This blog post is going to cover the place setting and it’s ingredients. The next layer in the tablescape is the placemat. I already laid the groundwork for something unique and sculptural that I didn’t want to completely cover up. The home had very transitional elements and I knew I needed something dark to show up against the gold sheer fabric.
So I found the perfect answer to all of that in this loosely translated sunflower metal wall art. Maybe if people were actually going to eat here, it’s not the most functional placemat as they weren’t perfectly flat, hung off the table a couple inches (oops) and we had to nestle the stemware in between the “petals” of the flower, but sometimes you have to go with fabulous, before functional… I’m sure you all have a pair of shoes that resembles that!
Often times, when doing a tablescape, I look to the dishes to inspire me. This time, I opted to go with high visual value and chose mostly clear, but textured items. Crate and Barrel’s Sava Platter was exactly what we needed. The texture reminds me of bark on a tree, further enhancing the garden theme and it does lovely things with the light reflection coming in from the huge picture window overlooking the backyard.
I love the juxtaposition of the delicate placemat under the heavy thick glass to give it just a touch of the unexpected.
Next came the plates. I used the Cotton Clear dinner plate also from Crate and Barrel and then I got crafty with the salad plate. We chose the Frodig salad plate from Ikea because it had a very charming embossed pattern on the rim of the plate… but when we layered them all together, the pattern was lost. So I gold leafed the back of them and what a statement they make now! No longer dishwasher safe, but stunning!

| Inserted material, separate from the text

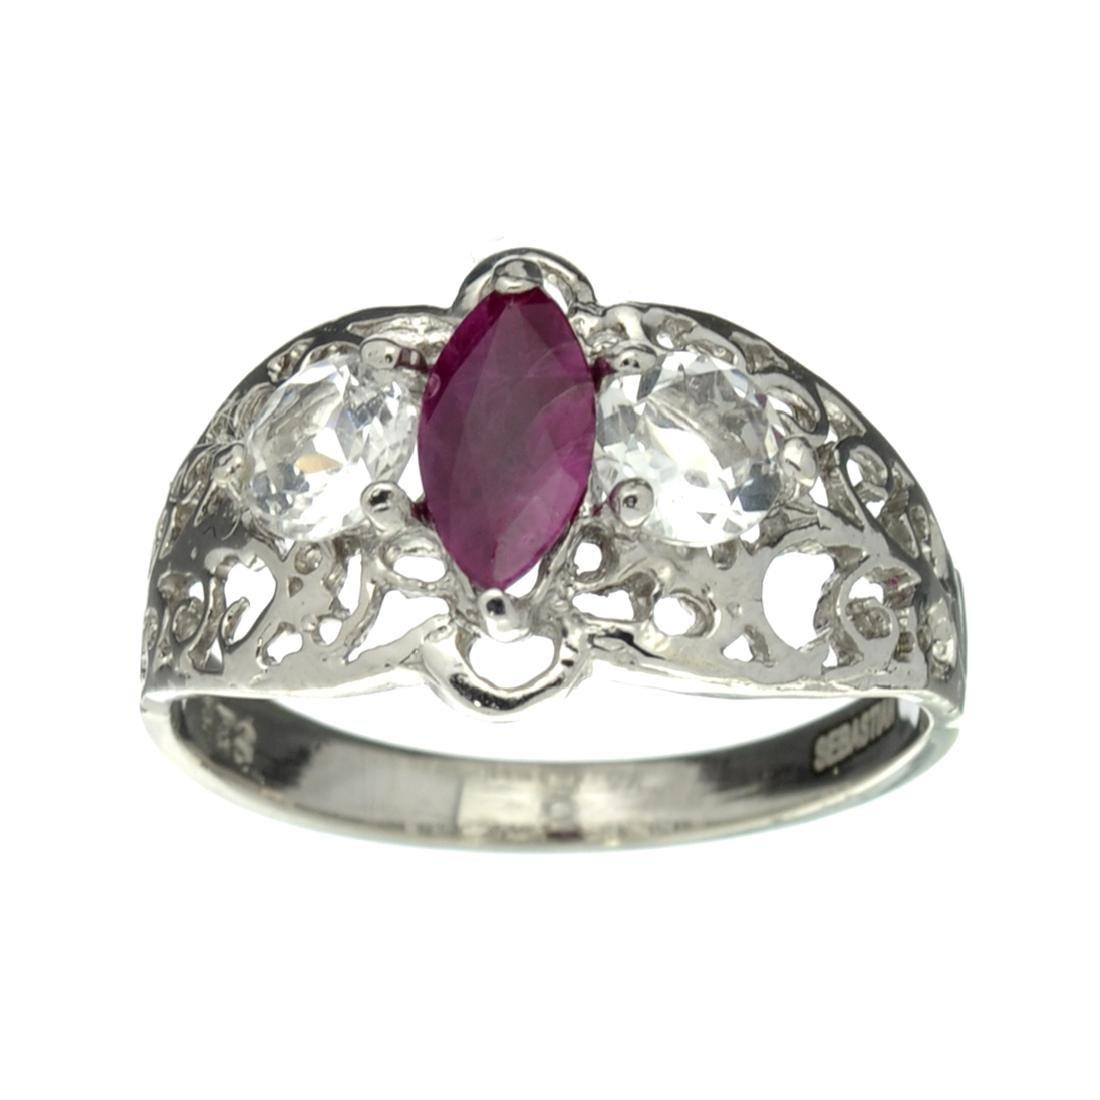 APP: 0.5k Fine Jewelry Designer Sebastian, 2.04CT Ruby

To round out the place setting, flatware in a matte gold from West Elm, a resin lotus flower votive holder on close out from Z Gallerie that only came in white (never a problem for me) and a handmade napkin made from embroidered silk fabric. The thread color of the embroidery is gold and blends perfectly the brassy gold of the table cloth and the warm gold of the salad plate. Last but not least is the center piece on top of the lotus flower.

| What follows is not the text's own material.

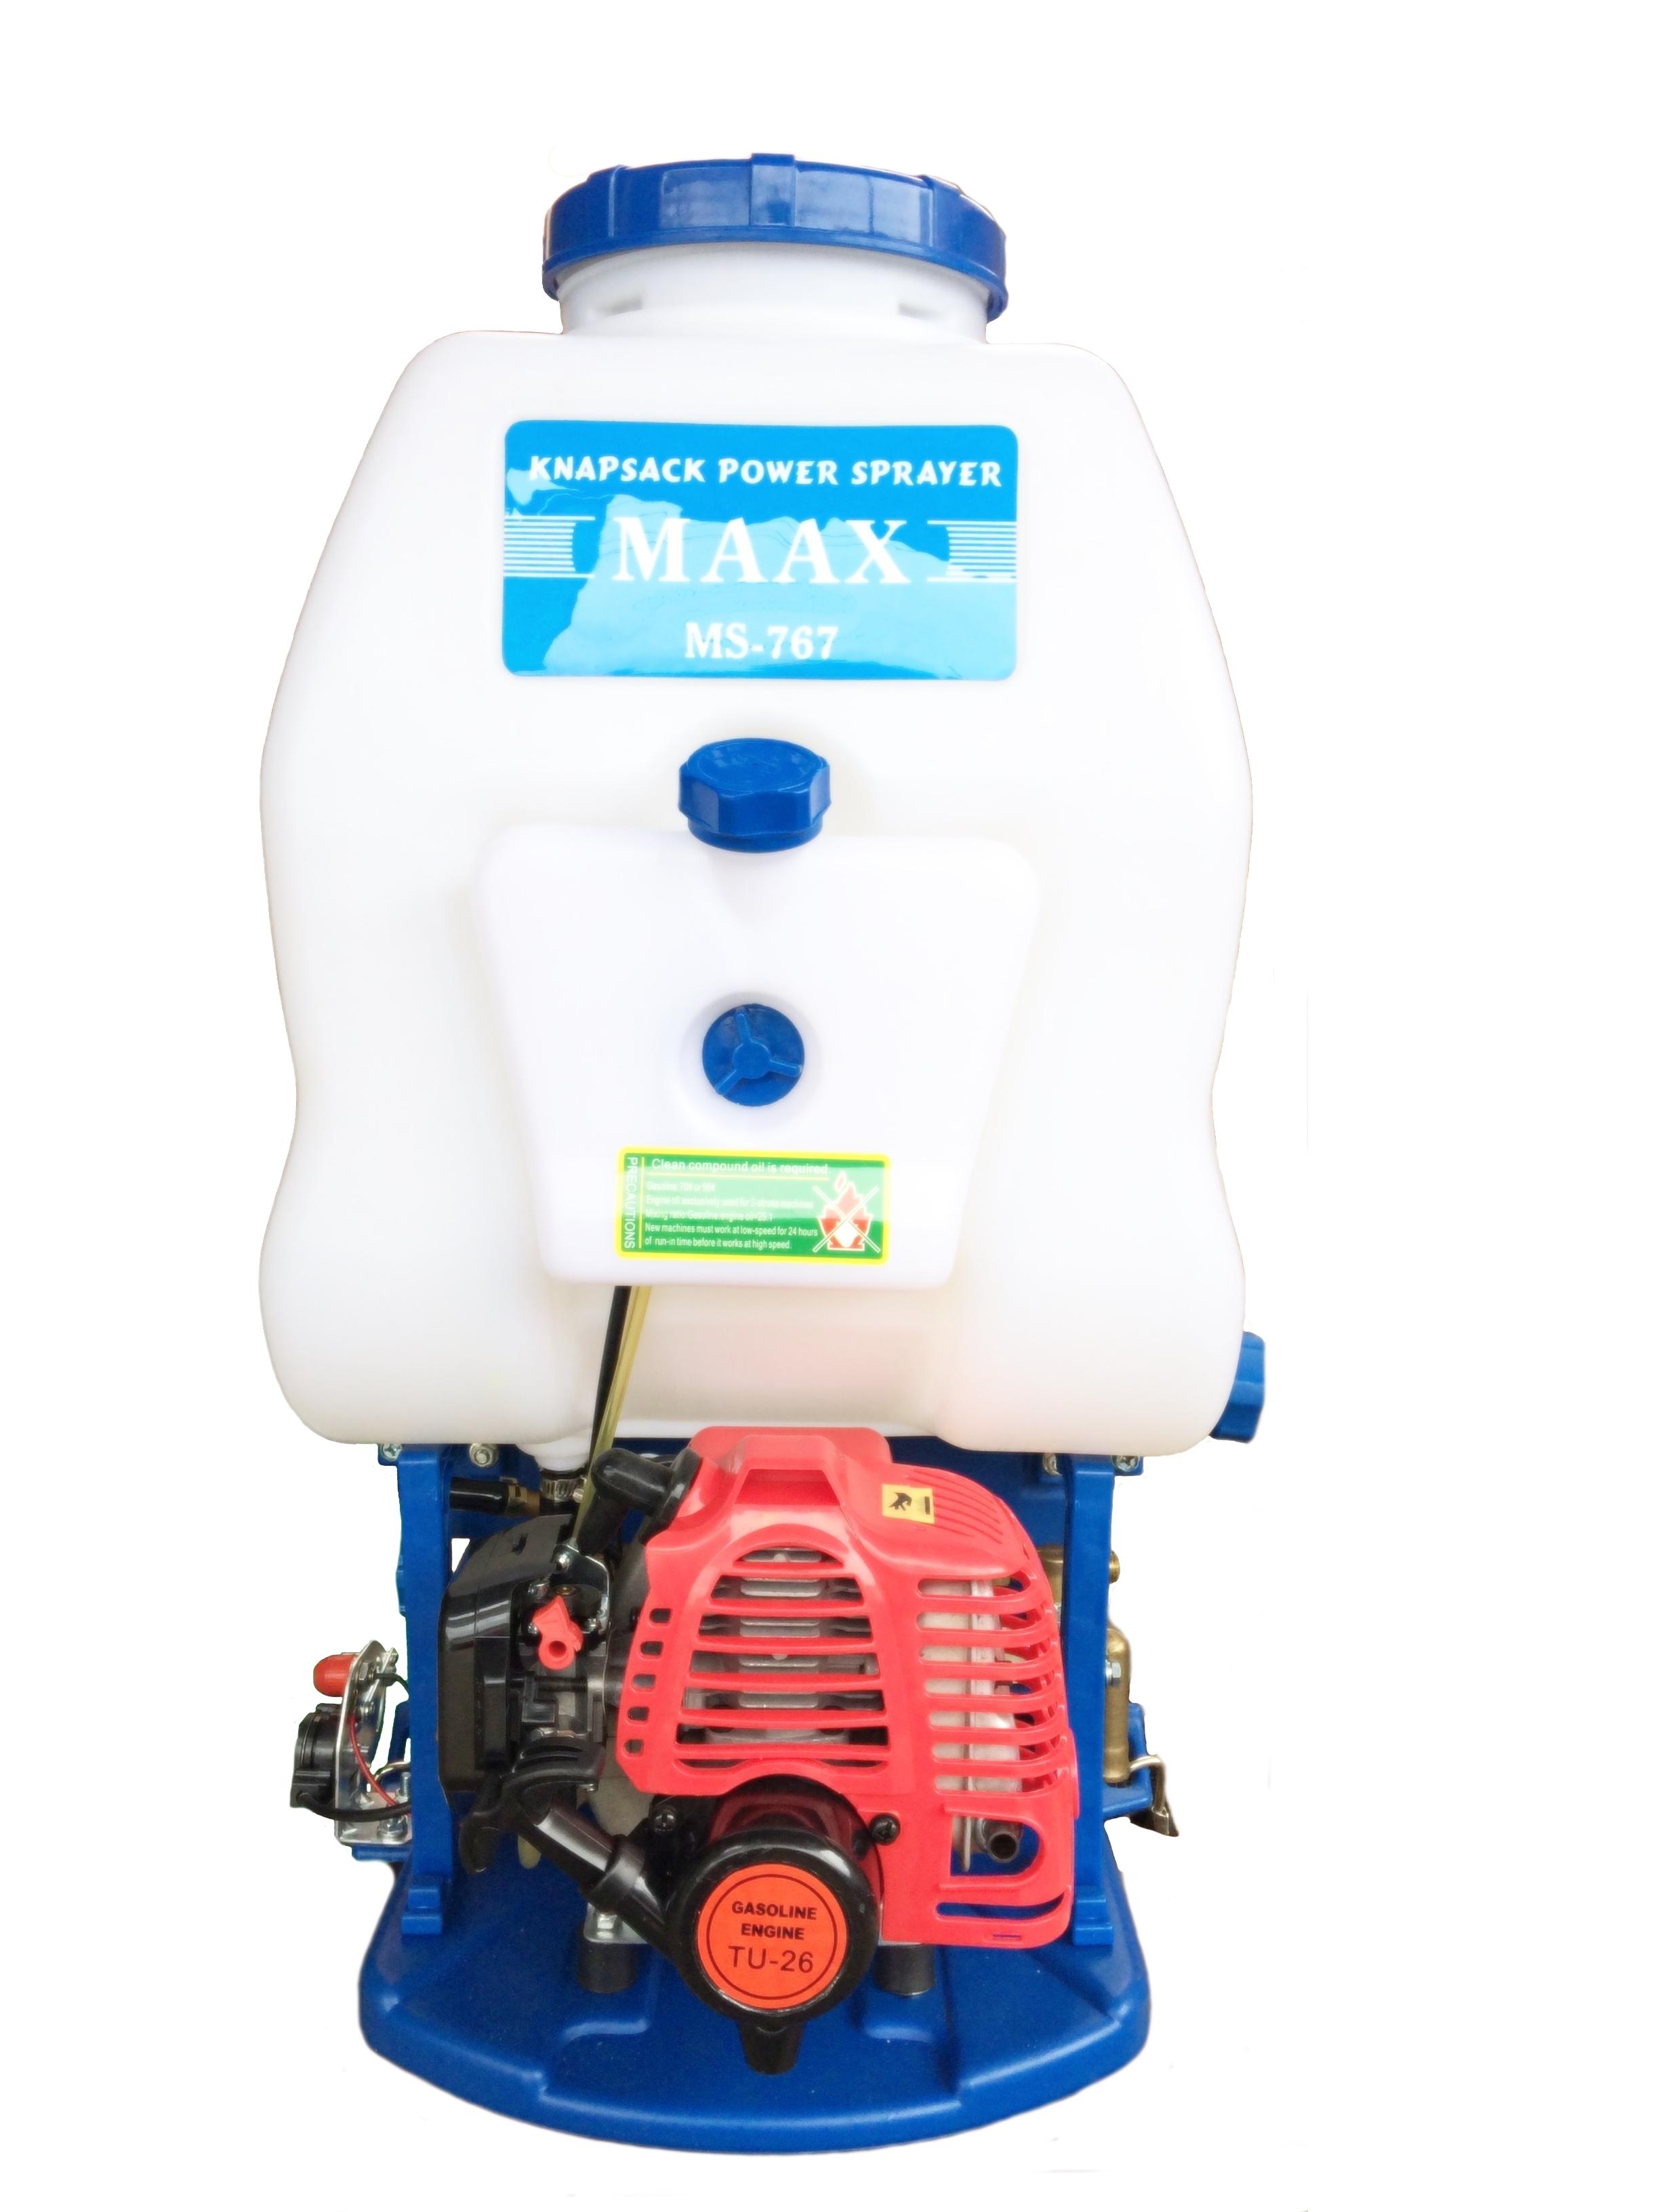 KNAPSACK POWER SPRAYER - MS767L

It definitely needed the orange/red, but when we placed the flower inside, it didn’t get enough light and died a horrible death. It was truly sad, especially since we learned this on the install day. Luckily, we were able to resurrect it and add the visual value of glass by using an empty glass ornament that was left over from the centerpiece. It was much easier to get the flower in than out, but glass ornaments are a brilliant way to add color, texture and a touch of whimsy to any décor. Plus I just love using things in unexpected ways!